# niedere Bootzeiten und LFS



## mathiu (12. August 2004)

Mein Ziel ist es die Bootzeit eines speziell angepassten Linux-Systems so niedrig wie möglich zu halten..

Hat vielleicht jemand Erfahrungen mit LFS (Linux from scratch) und den Bootzeiten?
- auf der einen Seite ein System ausschliesslich mit Konsole und der Möglichkeit Musik abzuspielen

- auf der anderen Seite mit einem X-Server (Ohne window-manager) und als Beispiel XMMS gestartet.

Habt ihr vielleicht eine Schätzung, wie die Bootzeit eines aktuellen Mittelklasse-PCs damit aussehen könnte


----------



## Sway (12. August 2004)

Nachdem ich mein Debian Sarge ein wenig aufgemöbelt hatte, lag meine bootzeit ab dem Bootmanager bis zum Konsolen-Login bei 16-17 sekunden. Der X-Server mit FluxBox als Windowsmanager braucht weniger als 5sec zum starten.

Ich denke mal das es schon sehr schnell ist.

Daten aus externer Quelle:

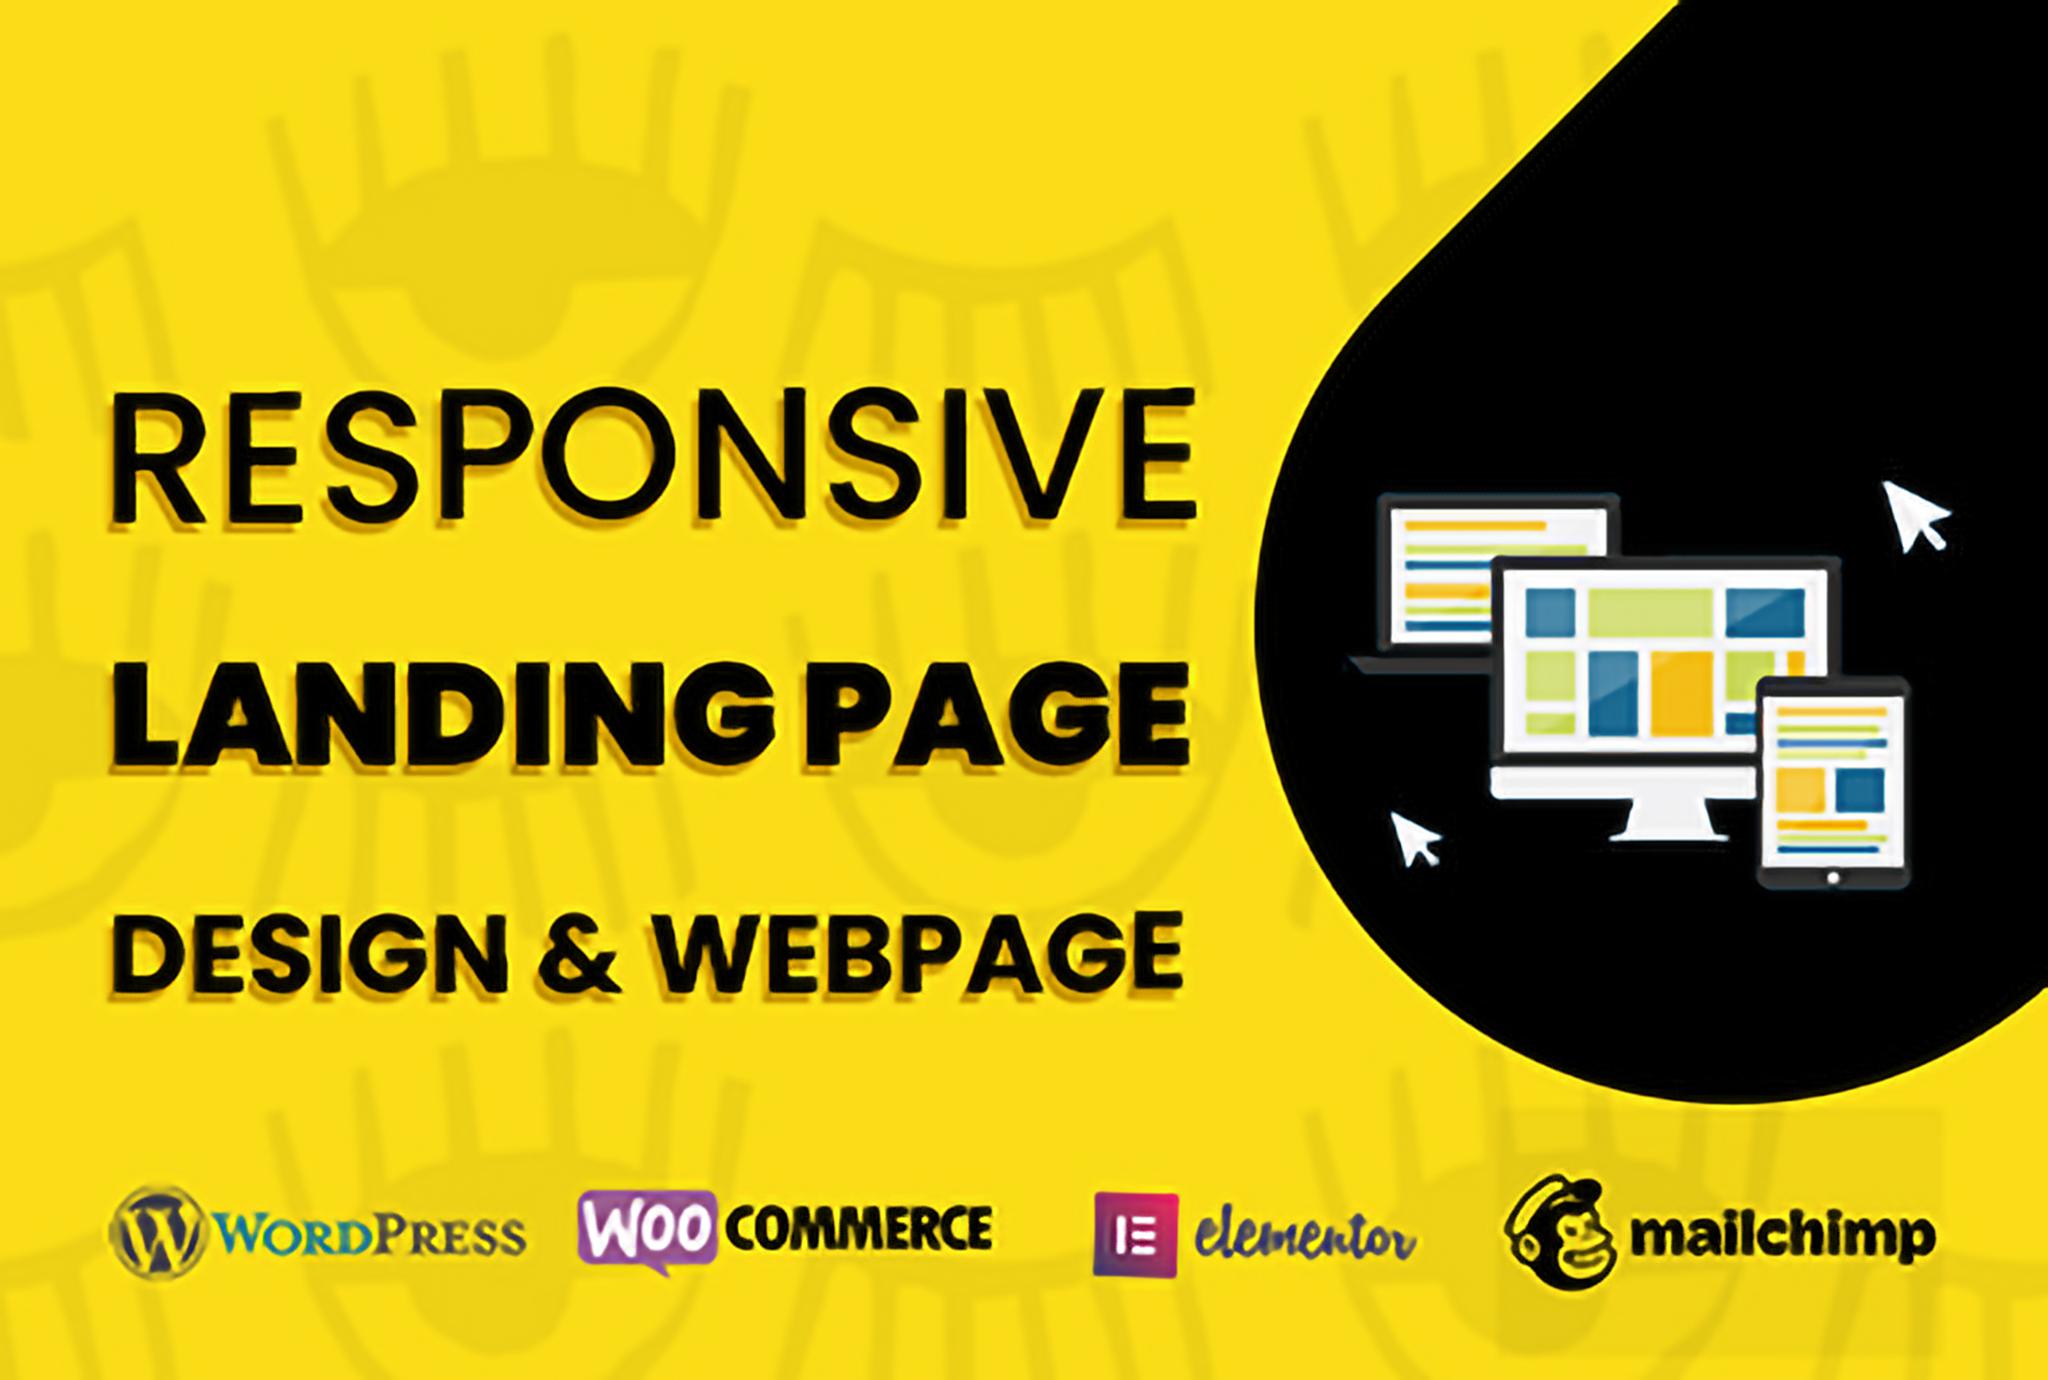 Design a modern webpage and wordpress landing page

Wenn für dich ein schnelles booten wichtig ist solltest du dir mal "Suspend to Disk" oder "Suspend to Ram" anschaun. Es ist sowas wie Standby/Ruhezustand...


Nachtrag:
Mit aufmöbeln meine ich unbenötigte Daemons entfernen, Kernel Kompilieren und ein "schnelles" Filesystem (XFS).

Vielleicht wäre Gentoo etwas für dich. Es ist sehr nah an LFS angelehnt, nur das du nicht viel hand anlegen musst um alles zu kompilieren.


----------



## mathiu (12. August 2004)

> Ich denke mal das es schon sehr schnell ist. Wenn für dich ein schnelles booten wichtig ist solltest du dir mal "Suspend to Disk" oder "Suspend to Ram" anschaun. Es ist sowas wie Standby/Ruhezustand...



Genau sowas such ich wahrscheinlich..Ich kann also den pc komplett von der Stromversorgung nehmen, er speichert das RAM und beim einschalten bin ich wieder am selben ort? und das innert kurzer zeit
Hast du irgendwie einen link, welcher mich zu mehr informationen führt


----------



## Sway (12. August 2004)

Also RAM ist ein flüchtiger Speicher, der nur bei Stromzufuhr speichert. Ich denke mal das Suspend to Disk das richtige für dich ist.


----------



## mathiu (12. August 2004)

bei suspend to disk wird er ja genau das RAM auf die Festplatte speichern, damit er nachher wieder am selben Ort weitermachen kann. Das meinte ich damit...aber hast du einen Link mit weiteren Infos und ev. Erfahrungen damit gemacht'


----------



## Sway (12. August 2004)

Ich selbst hab es noch nie selbst probiert. Such am besten mal bei Linuxforen.de oder google.de ...


----------